On Tue, Jan 2, 2024 at 2:45 PM Maciej Żenczykowski
<zenczykowski@xxxxxxxxx> wrote:
>
> On Tue, Jan 2, 2024 at 1:46 PM Andrii Nakryiko
> <andrii.nakryiko@xxxxxxxxx> wrote:
> >
> > On Fri, Dec 29, 2023 at 5:31 PM Maciej Żenczykowski
> > <zenczykowski@xxxxxxxxx> wrote:
> > >
> > > I have a relatively complex program that fails to load on 6.5.6 with a
> > >
> > > if (data + 98 != data_end) return TC_ACT_SHOT;
> > >
> >
> > How realistic is such code in practice? Is there a situation in which
> > it's critical to ensure that the packet has exactly X bytes in [data,
> > data_end) range? Even in that case we can have data in frags, though,
> > right? So I'm just wondering if we are discussing some rather
> > theoretical situation?
>
> So, as I mentioned I hit this while debugging some other complex code,
> so the example 98 isn't a particularly good value
> (when I actually hit this I think I was trying to match some ping packets).
>
> However, elsewhere in the same program I need to match and reply to
> IPv6 NS packets
> (for an IPv6 address the kernel doesn't own, to workaround a pair of
> kernel bugs / missing features in ipv6 neigh proxy).
>
> In practice the NS I receive and need to handle are always:
> 14 ethernet + 40 ipv6 + 8 icmp6 + 16 target + 8 byte link address
> option = 86 bytes long
> (and if they're not, then my current code can't parse them anyway)
> so it's natural to do something like:
>
> handle_ns_with_laddr(struct __sk_buff *skb) {
> if (skb->data + 86 != skb->data_end) return;
> struct ethernet_ipv6_ns *pkt = data;
> if (pkt->ether.h_proto != htons(ETH_P_IPV6)) return;
> if (pkt->ip6.nexthdr != IPPROTO_ICMPV6) return;
> ...etc...
> }
>
> Yeah, there's lots of caveats in the above (lack of pull, etc), but it
> is enough to handle the case I need handled...
Yeah, that's what I was getting at, just using data_end as a marker
for packet length seems incorrect. But I do see the point that it's
just an unnecessary complication for users to work around.
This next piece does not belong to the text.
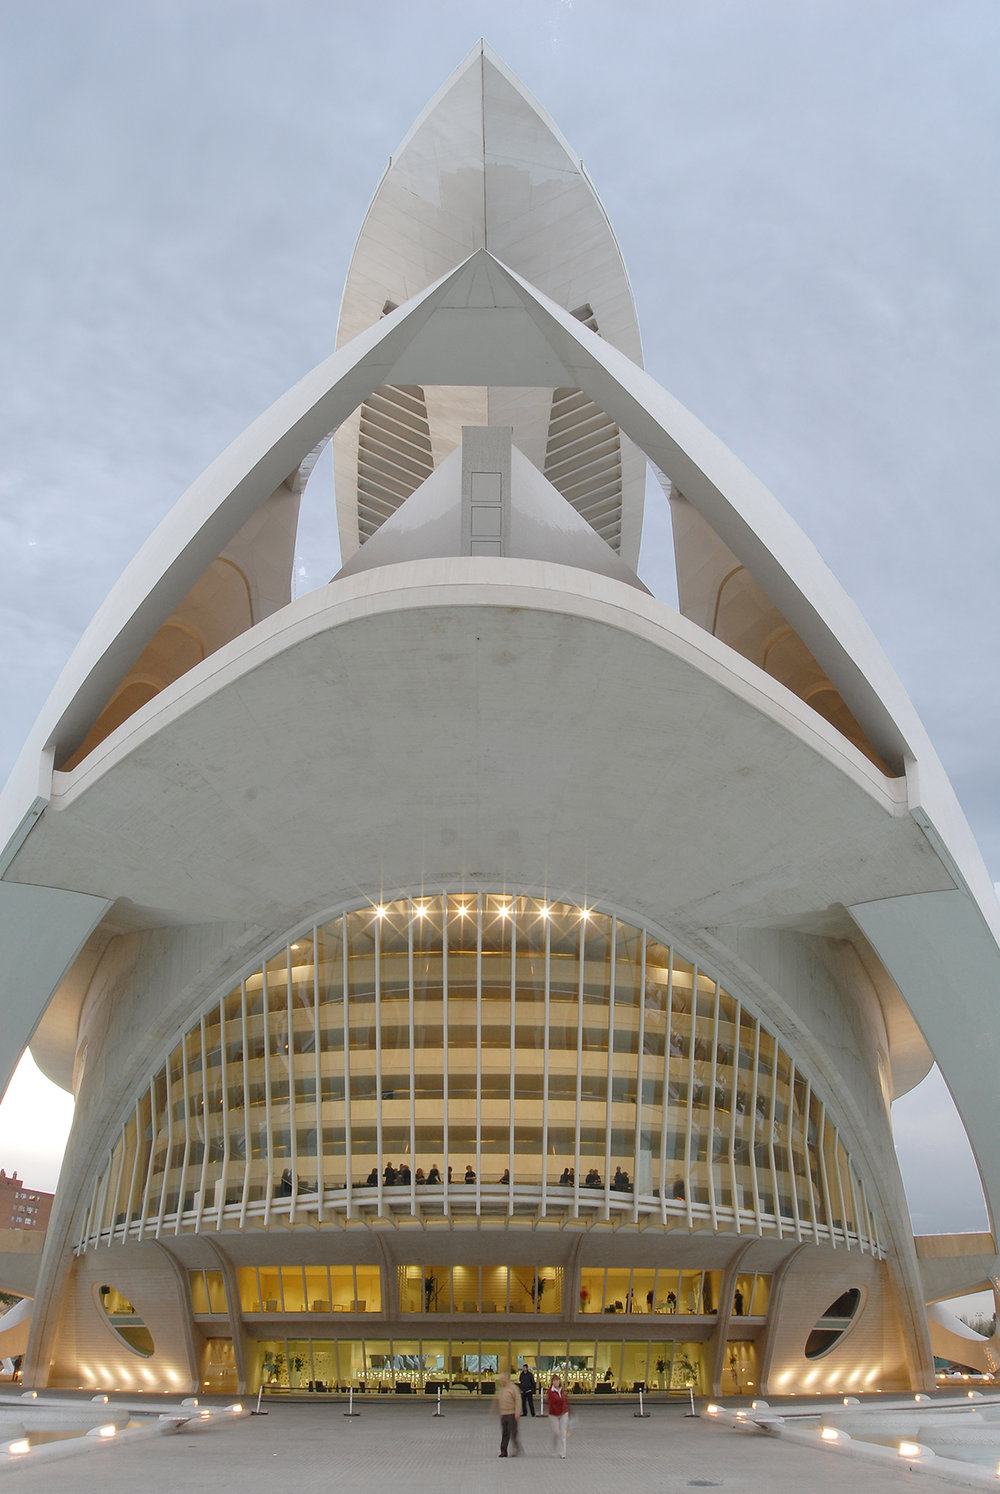 matka, matkablogi, Valencia, Espanja, matkailu, vero, kateus, palau de les arts reina sofia, moderni arkkitehtuuri

For the fix that Eduard proposed (and checking
try_match_pkt_pointers), should we do a similar simplification as we
do for scalar register comparisons? Make sure that data_end is always
on the right by swapping, if that's not the case. And also use
corresponding rev_opcode() and flip_opcode() operations to minimize
the amount of logic and duplicated code?
And I mean not just for new JEQ/JNE cases, but let's also refactor and
simplify existing logic as well?
>
> Obviously I could rewrite the above as:
> if (skb->data + 86 > skb->data_end) return;
> if (skb->data + 86 < skb->data_end) return;
>
> though I guess a too smart compiler could optimize that back down to == ...
>
> > > check, that loads fine if I change the above != to (a you would think
> > > weaker) > check.
> > >
> > > It's not important, hit this while debugging, and I don't know if the
> > > cause is the verifier treating != differently than > or the compiler
> > > optimizing != somehow... but my gut feeling is on the former: some
> > > verifier logic special cases > without doing something similar for the
> > > stronger != comparison.
> > >
> > > ...
> > > 453: (85) call bpf_trace_printk#6 ; R0_w=scalar()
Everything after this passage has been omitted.